Thievery Corporation, Radio Retaliation
The beautiful people get angry atop luscious, elegant music.
The beautiful people are restless. Radio Retaliation retains the glazed-velvet façade, groin-grabbing bass beats, talented guest vocalists and nicely balanced international spice of Thievery Corporation's four prior albums, but this time producer-DJs Rob Garza and Eric Hilton, judging by their lyrics, are pissed. Closer in sound and sense to 2002's reggae-driven The Richest Man in Babylon than to 2005's psychedelightful Cosmic Game, Retaliation is a multinational dancefloor call to arms. There's definitely a party going on, but only after everyone has debated the ballot versus the bullet with their neighborhood MoveOn cadre.

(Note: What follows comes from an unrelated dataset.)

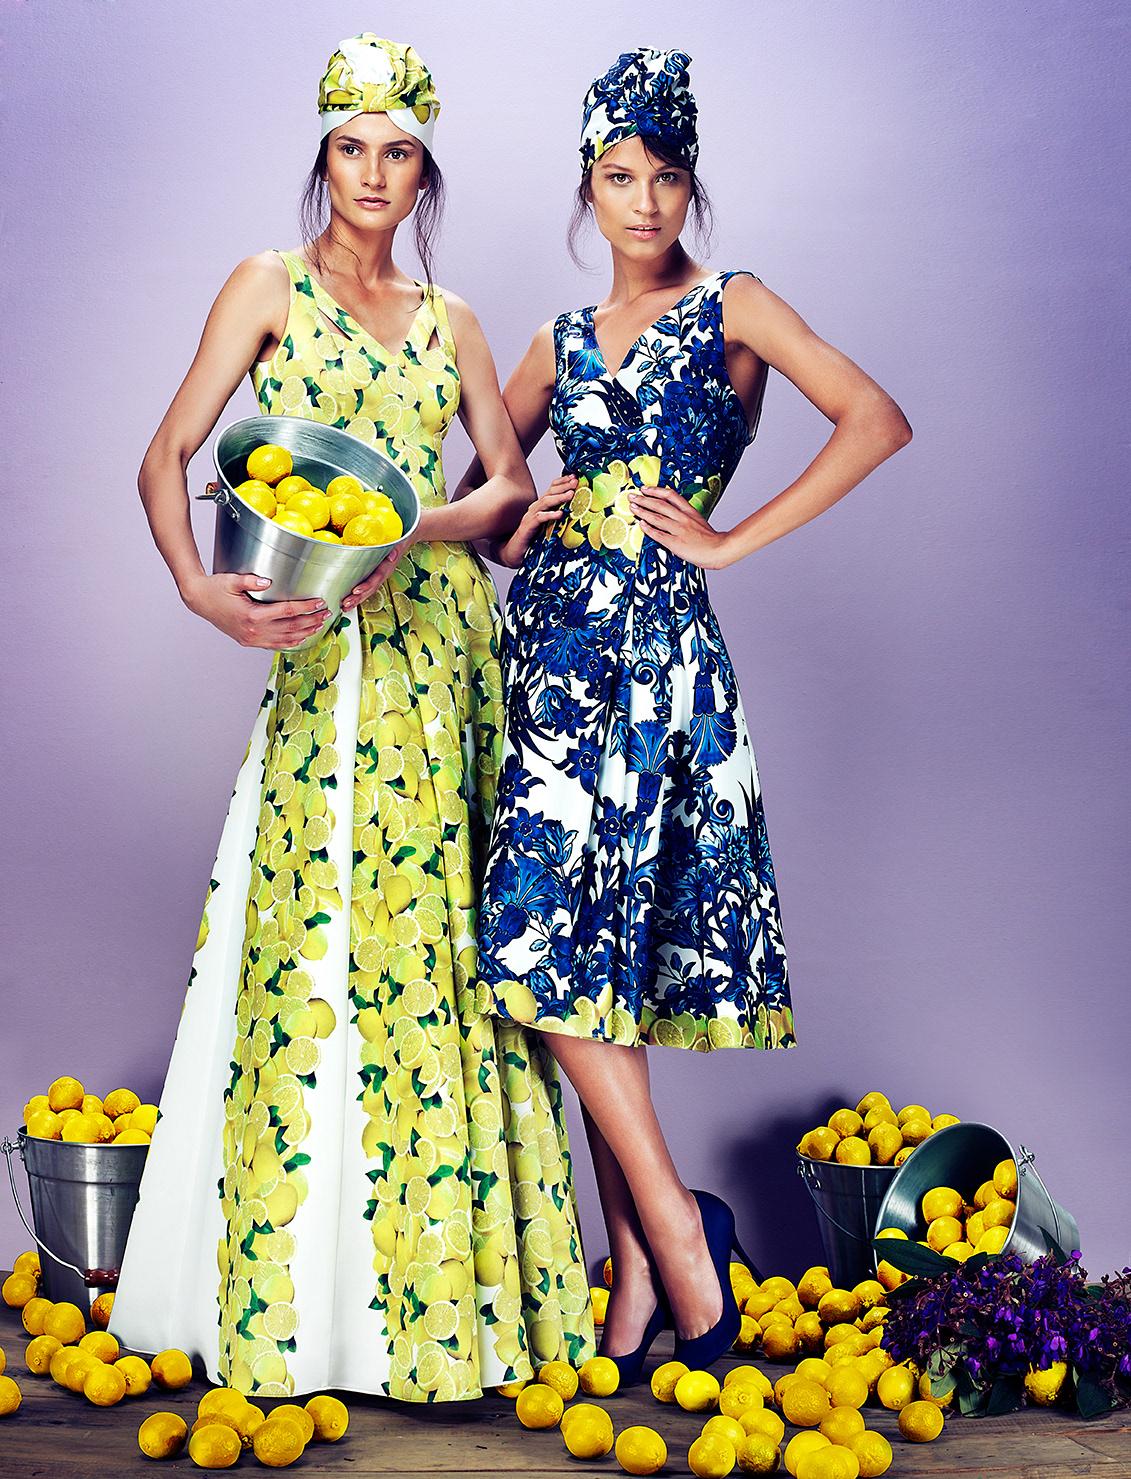 Image may contain: dress, yellow and wall

The fightin 'words of Fela Kuti, Manu Chao and the Clash echo the loudest through Thievery's righteous (if relatively quiet) riot. Fela's son, Femi, could be quoting his father when he sings of, "Guns and debt/ Life and death/ IMF" over Afrobeat rhythms in "Vampires"; Jamaican crooner Sleepy Wonder rages and croons against Babylon atop the Sly and Robbie-inspired riddims of the title track and "Sound the Alarm"; and Go-Go godfather Chuck Brown is all about "takin 'back the power, gonna share the wealth" in "The Numbers Game."
Luscious instrumentals like "Mandala" (featuring Anoushka Shankar's sitar), "Retaliation Suite" (acid afrojazz), and "The Shining Path" (shimmering lounge-adelica) are the less-retaliatory flip side to Thievery's sonic uprising. Likewise, Brazilian singer Seu Jorge's "Hare Krisna" (a plea for inner peace) and chanteuse LouLou's "Sweet Tides" once again find the Corporation smack dab in the eye of a quiet storm, making music so elegantly designed that any corporation would want to attach it to a car, a perfume or a hotel lobby, so universal is Thievery's appeal.